In the previous verses, Paul affirmed his knowledge of the authenticity of the church at Colossae. He mentioned three key ingredients to an authentic Christian: faith, love, and hope. Did that group of characteristics sound familiar to you? They are also listed at the end of 1 Corinthians 13: “But now faith, hope, love, abide these three; but the greatest of these is love.”

Now that Paul has validated what is going on in the church at Colossae, he tells them what he is praying for them. This is typical Pauline style writing-- Paul often begins his letters to the churches with a prayer for them. Paul’s prayer for the Colossians is all about their walk with God. The idea of walking infers motion. When we follow God, we are rarely standing still!

Paul qualifies the kind of walk he has in mind.

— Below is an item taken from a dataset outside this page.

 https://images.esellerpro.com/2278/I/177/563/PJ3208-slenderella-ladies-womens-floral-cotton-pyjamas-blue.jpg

1. In a manner worthy of the Lord:
If we want our walk to be worthy of Him, we need to follow our perfect example in Jesus Christ. He walked on earth for 33 or so years, giving us a role model to follow. Paul urged the Philippians to do this very thing: “Have this attitude in yourselves which was also in Christ Jesus . . .” (Philippians 2:5) Our goal is to walk in as perfect an imitation as we can manage. The very things that marked the life of Jesus should be prevalent in our lives as well: humility, submission, obedience, love, integrity, and a sense of purpose. All of these are just outward manifestations of what has already happened within the heart of the believer.

2. Bearing fruit:
Again, the idea of fruit implies movement, or active production. In this case, the fruit Paul is talking about will be produced “in every good work.” In other words, as we serve the Lord, the outcome of that service will be the fruit that we bear.

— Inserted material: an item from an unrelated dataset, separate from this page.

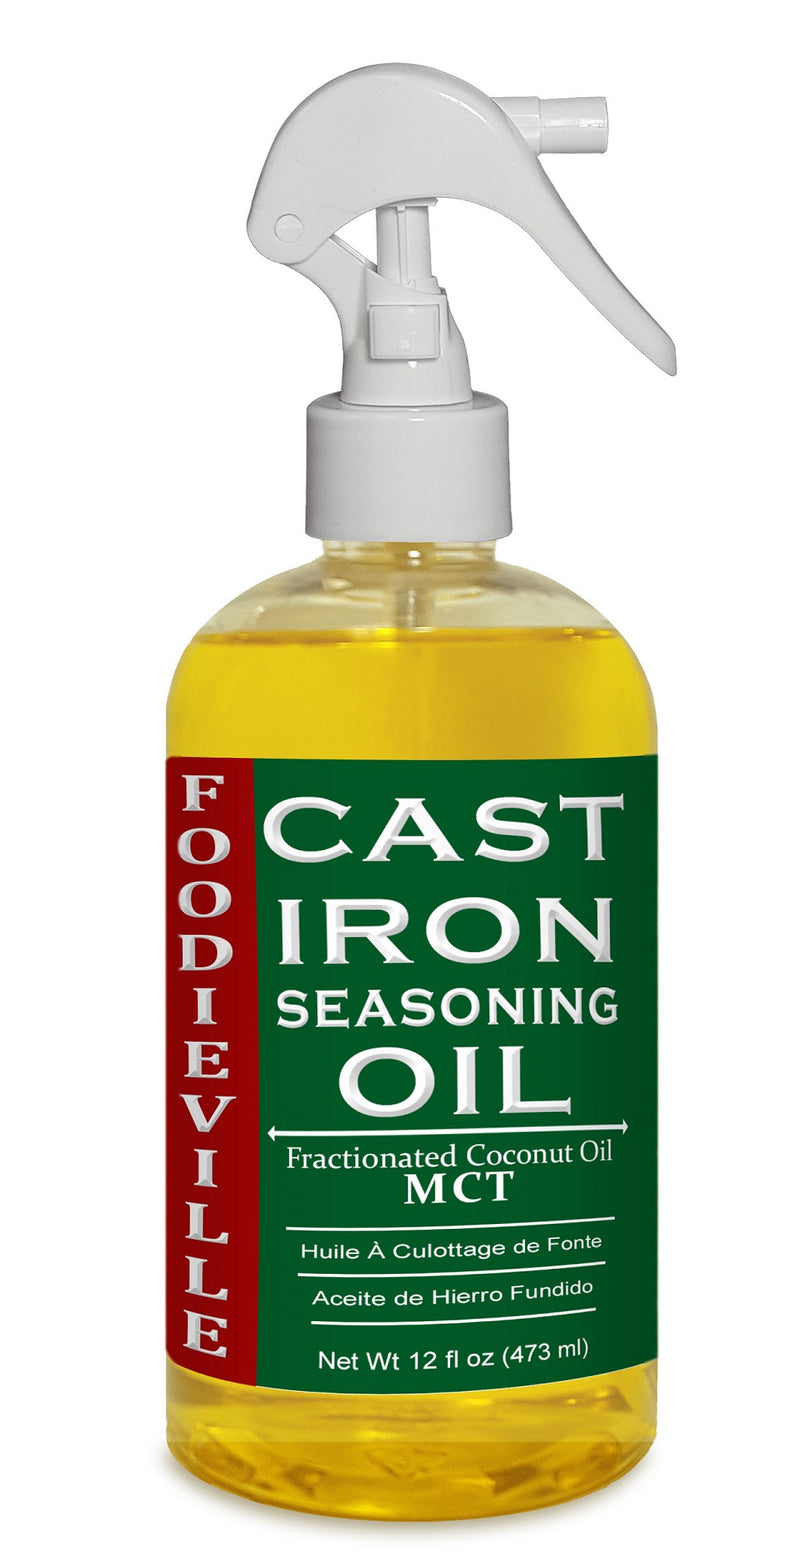 The Best Oils to Season Cast Iron · Nourish and Nestle

What is the fruit? Paul defines fruit in Galatians 5:22-23: love, joy, peace, patience, kindness, goodness, faithfulness, gentleness, and self-control. These are all qualities that result from growth within. We often think of fruit as outward accomplishments, achievements that we have made in the name of the Lord. Yet the Lord is more interested in the inner fruit that we bear. Service is actually a means to that end, and not an end in itself.

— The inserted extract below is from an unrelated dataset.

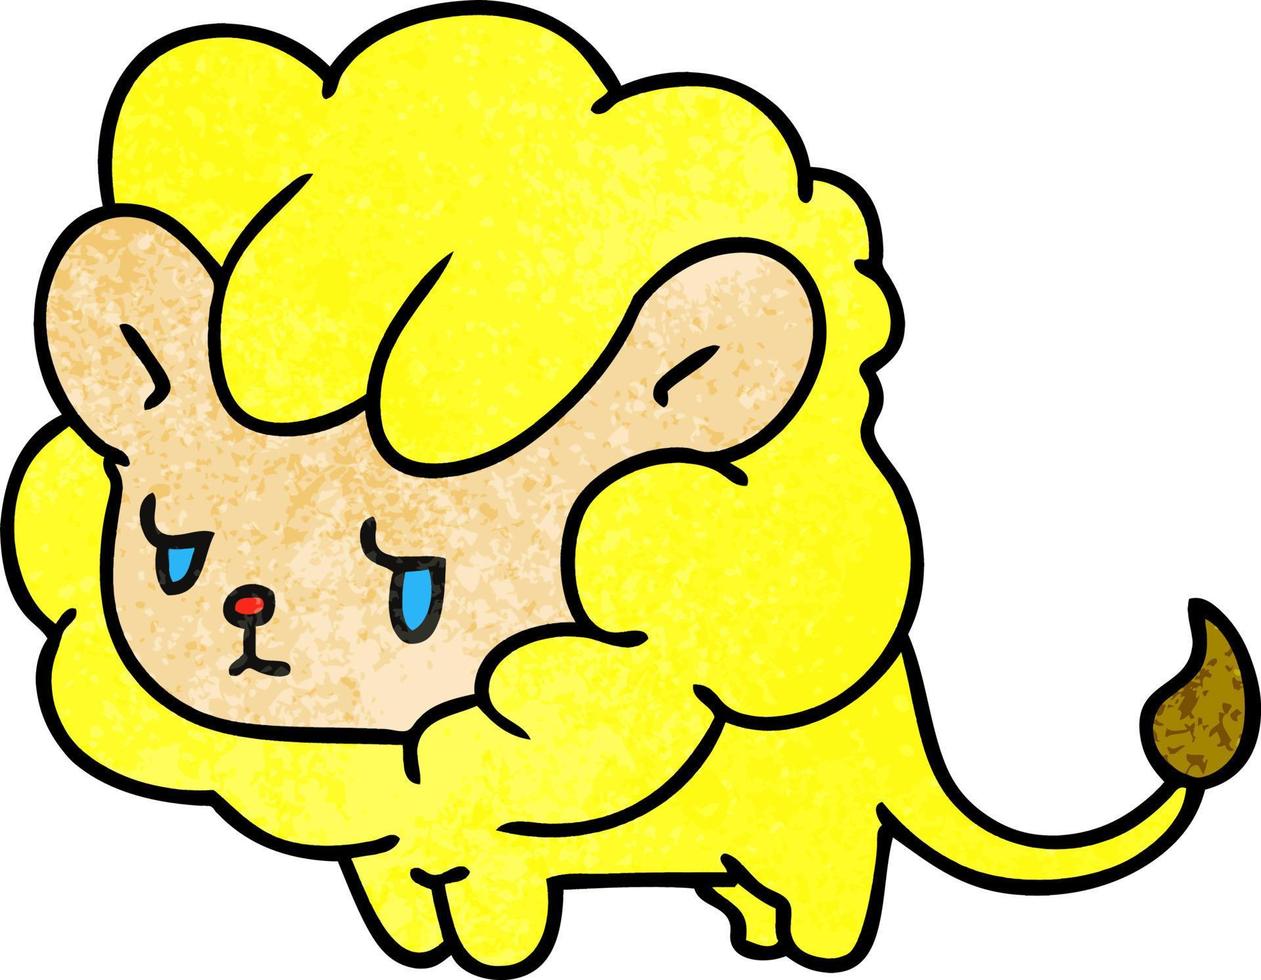 textured cartoon kawaii cute lion cub vector

3. Increasing in the knowledge of God:
As we walk with Him, God enriches our lives with circumstances and experiences which will force a greater dependence on Him. When we need, we go deeper. As we cry out to Him, a greater intimacy results. We increase in the knowledge of God’s faithfulness, His goodness, and His sufficiency.

4. Strengthened with all power:
We do not walk alone. We are never expected to do all this in our own strength. Ephesians 1:19-20 tells us about the power available to us: “. . . the surpassing greatness of His power toward us who believe. These are in accordance with the working of the strength of His might which He brought about in Christ when He raised Him from the dead and seated Him at His right hand in the heavenly places . . .” We have great power available to us-- resurrection power!

5. Joyously giving thanks:
As we walk, our inward attitude should always reflect a gratitude for what God has done for us and what He continues to do in us. Much of our thanksgiving focuses on the hope we have for the future, since the Father has “qualified us to share in the inheritance of the Saints.”

Back at the beginning of this passage, Paul prays that “you would be filled with the knowledge of His will in all spiritual wisdom and understanding, so that you will walk . . .” We have no excuse not to be knowledgeable about spiritual things here in this country. The internet and libraries are full of great writings about Scripture. Scripture itself is readily available to us for our study. But the point Paul is making is this: the knowledge is not an end in itself. It is to enable us to walk.

The Dead Sea is a great example to us of what happens when there is input with no output. The Jordan River flows through the valley, collecting the waters from the surrounding mountains of Israel, in a southern bound current. All of that water empties into the Dead Sea, carrying with it mineral deposits from the land through which the waters traveled. Yet the Dead Sea has no outlet to the sea. It is a dead-end road. The water molecules quickly evaporate in the dry desert climate, but the minerals are left behind. As a result, the Dead Sea gets saltier and saltier every year. No life can exist within its waters-- the mineral content is just too high to sustain life.

We, too, must have output as we grow in the knowledge of the Lord. It moves us ahead in the process of our sanctification. Without output, without a walk worthy of Him, knowledge becomes a source of pride and even a stumbling block to us. They must go hand in hand.

What does my present walk with God look like when compared to the standard Paul prayed for the Colossians?